Q: Same question, but what if there is no filial relationship? A: No gift because it was a transaction in the ordinary course of business. In a purely business transaction, transactions with discounts and bargaining are beyond the scope of gift tax. Q: A starlet goes to a car shop and the owner of the shop sells a P1.2M car to her for only 200K, is there a taxable gift? A: It could be argued that it may be a business transaction where the starlet should opt to be a model for the car shop. If that is the case, then it is not deemed a gift. Business transactions are beyond gift tax coverage.
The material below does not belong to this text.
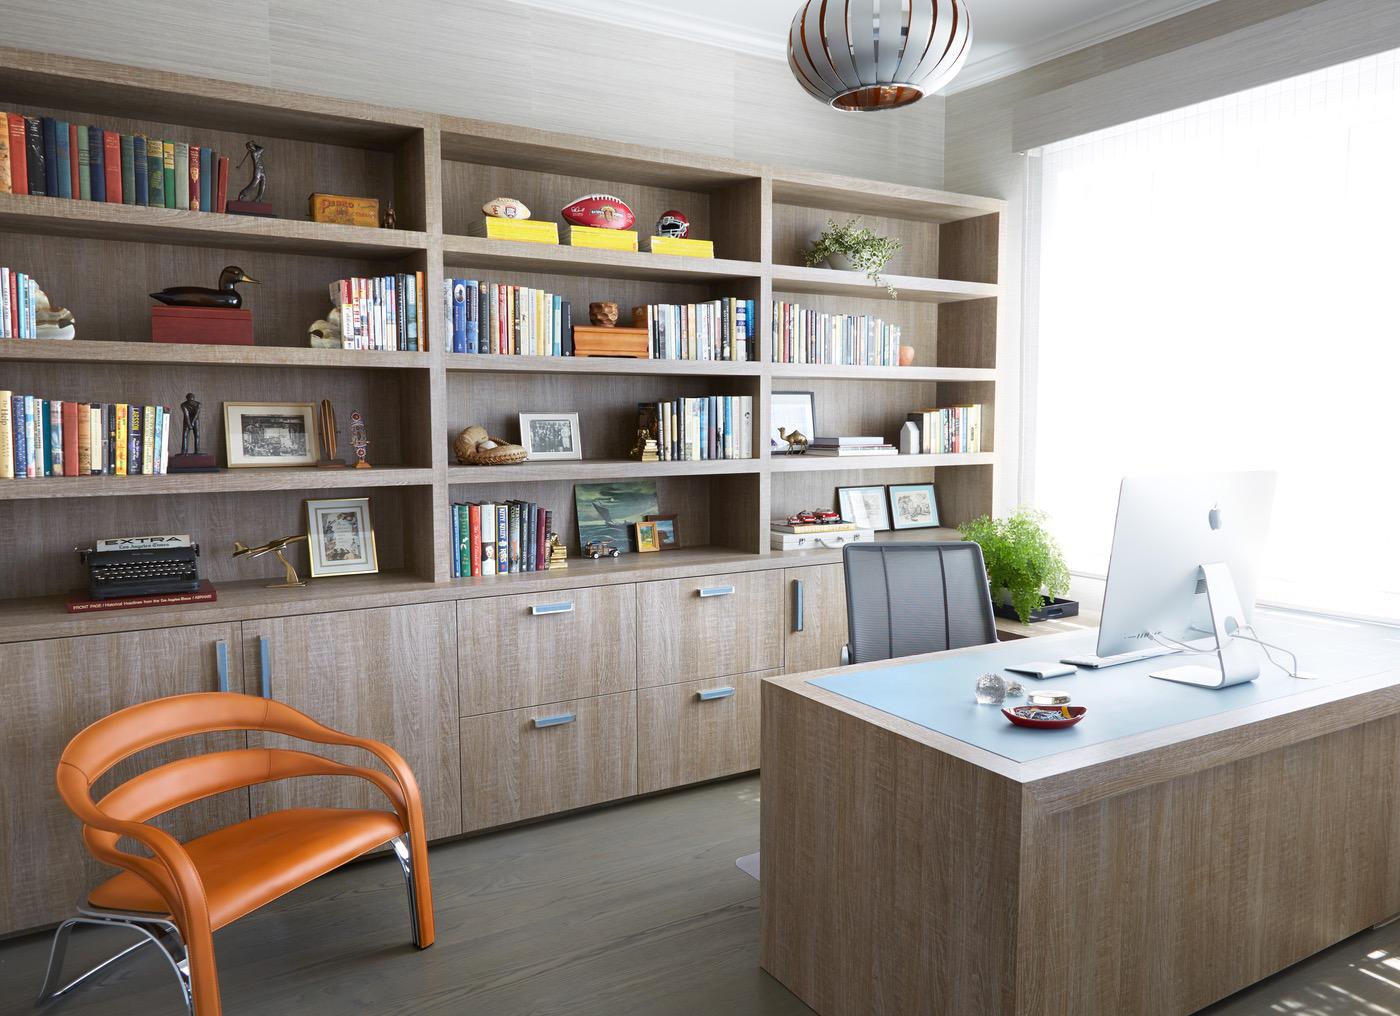 Interior design by Erin King Interiors
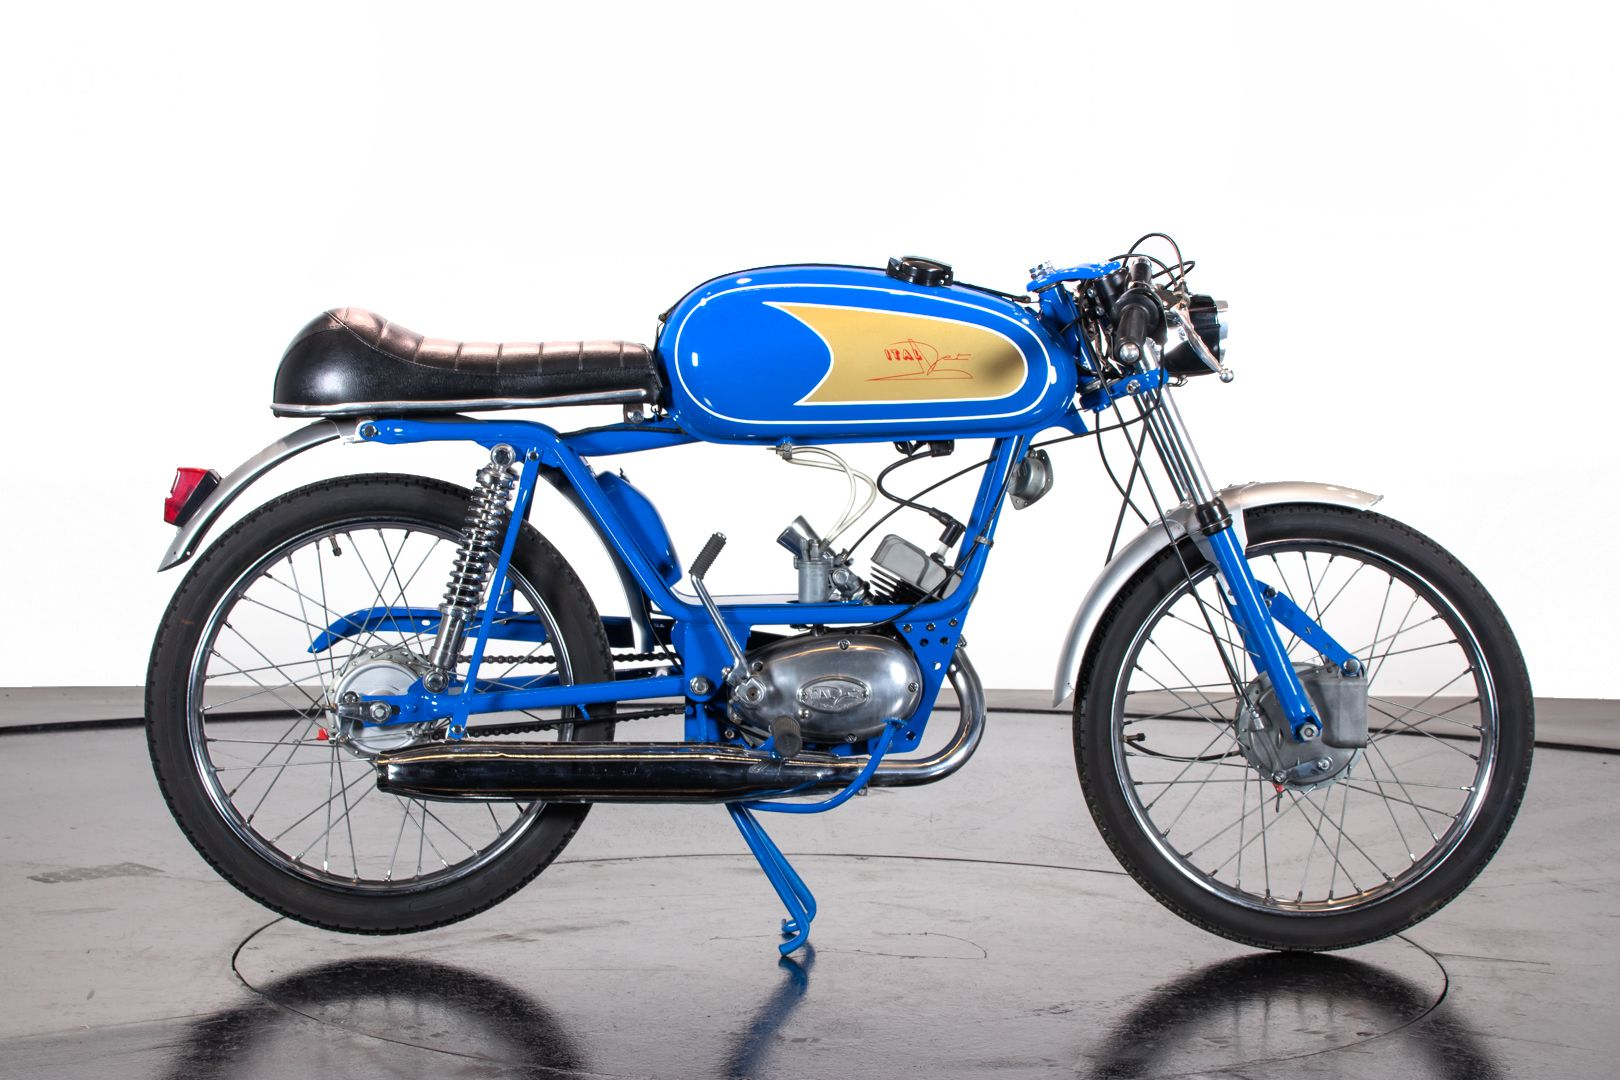 1970 ITALJET 50 58521

Q: What if A gives B a gift directly but B should also give A a gift directly. Would there be a taxable gift? A: No taxable gift because there is consideration involved in this situation Q: X would give his Bulacan land as a gift to Y provided that Y would give his Laguna land to X as a gift. Is there a taxable gift? A: No. There is no gift because the transfer was with consideration. It is a taxable exchange of property. If it is a capital asset, it is an exchange subject to Sec. 24 (D). Q: A rendered services to B. The value of the service is P50k. C pays A P100k. Is there a taxable gift? A: C made a direct gift to A the excess of P50k worth of services. C made an indirect gift to B when C paid Bs debt. Q: B rendered services to C worth P50k. C did not pay B. A paid B P100k for Bs services to C. A and C are strangers. What is the gift? A: A made a direct gift to B the excess of P50K worth of services. A made an indirect gift to C when A paid Cs debt.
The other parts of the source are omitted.